Saturday February 2, 2008

Toronto modernist's projects married pragmatism, poetic sensibility
Award-winning university collaboration conjures an architecture both sustainable and beautiful
SANDRA MARTIN

smartin@globeandmail.com

February 2, 2008

An architect who was ahead of the curve in thinking how sustainable design can be integrated in elegant architectural solutions, Adrian DiCastri brought his love of music and culture along with his analytical skills to the art and practice of his profession.

"What a lot of people didn't realize about Adrian was his poetic sensibility," said his friend Dereck Revington, another architect who described Mr. DiCastri's major buildings as "full of colour and light and a subtle dancing rhythm."

Pragmatism had to be satisfied first, but what characterized Mr. DiCastri's work was a luminous and lyrical modernism, Mr. Revington said. "His definition of sustainability was much more complex than simply creating ecologically friendly buildings. He spoke continuously about the importance of cultural, environmental and aesthetic sustainability."

Adrian John DiCastri was born in Victoria, the second of five sons and one daughter of architect John DiCastri (obituary Sept. 22, 2005) and his wife Florence Margaret (Greenwood), who was always called Paddy. The family lived first in the Rockland area of Victoria - in a house his father had designed - and then in a rambling former seniors' residence close to the ocean in Oak Bay that the senior Mr. DiCastri renovated to accommodate his large and rambunctious family.

As a boy, Adrian was the only child who showed any ability at sketching and drawing, according to his younger brother Julian. He also swam "like a porpoise" and loved being in the water, a passion he would later sustain in "landlocked Toronto" by designing and building a family cottage on Georgian Bay.

He attended St. Patrick's Elementary School and then Oak Bay junior and senior high schools, graduating in 1969. He worked in his father's architectural office for a couple of years and then, at 19, went travelling in Europe for six months.

After returning, he resumed his friendship with Susan McDonald, who had been a year or so behind him in high school, and entered the University of Victoria, where he studied English literature in a general arts program. A ferocious reader, he was torn in those early years between teaching and architecture. He left after two years and went travelling again, this time to Mexico and Central America. By the time he returned, he had affirmed his decision on a career in architecture. He won a place in the University of Waterloo's co-op degree program in January, 1976.

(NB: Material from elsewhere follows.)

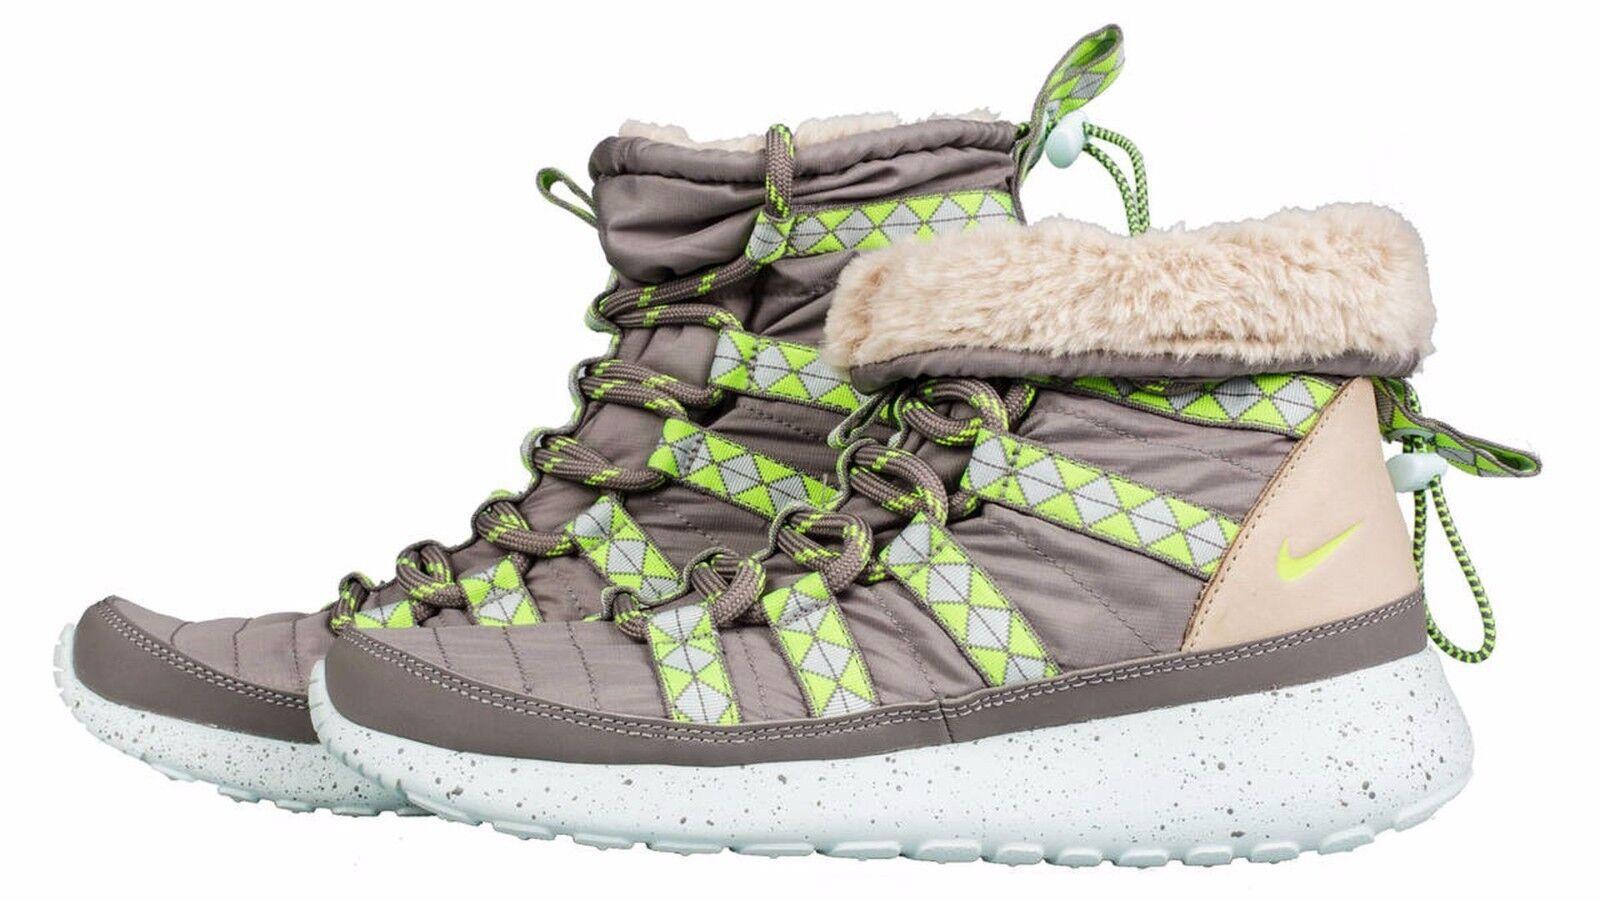 Nike Rosherun Hi Sneakerboot Print  Sz 7.5 Wmn 616724-001 Grey Volt

After completing nearly three years of his degree, he and Ms. McDonald (by then his wife) moved to Toronto, where he enrolled in the architecture program at the University of Toronto. Larry Richards, former dean of the faculty of architecture, remembers him as "an outstanding, leading student" who was also a very nice guy. Mr. DiCastri graduated with a bachelor of architecture degree in 1982. Son Nicholas was born in 1983 and daughter Julia in 1985.

As a young architect, Mr. DiCastri worked at Diamond and Schmitt architects in Toronto. "He was an extraordinarily focused and smart guy who was a really great critic on projects in development," said Don Schmitt, a principal in the firm. "He was a real modernist, and rigorous in his focus on rational solutions and elegant but spare design." Mr. Schmitt also remembered him as being relaxed and possessing a dry sense of humour, qualities that "are very important in the culture of an office."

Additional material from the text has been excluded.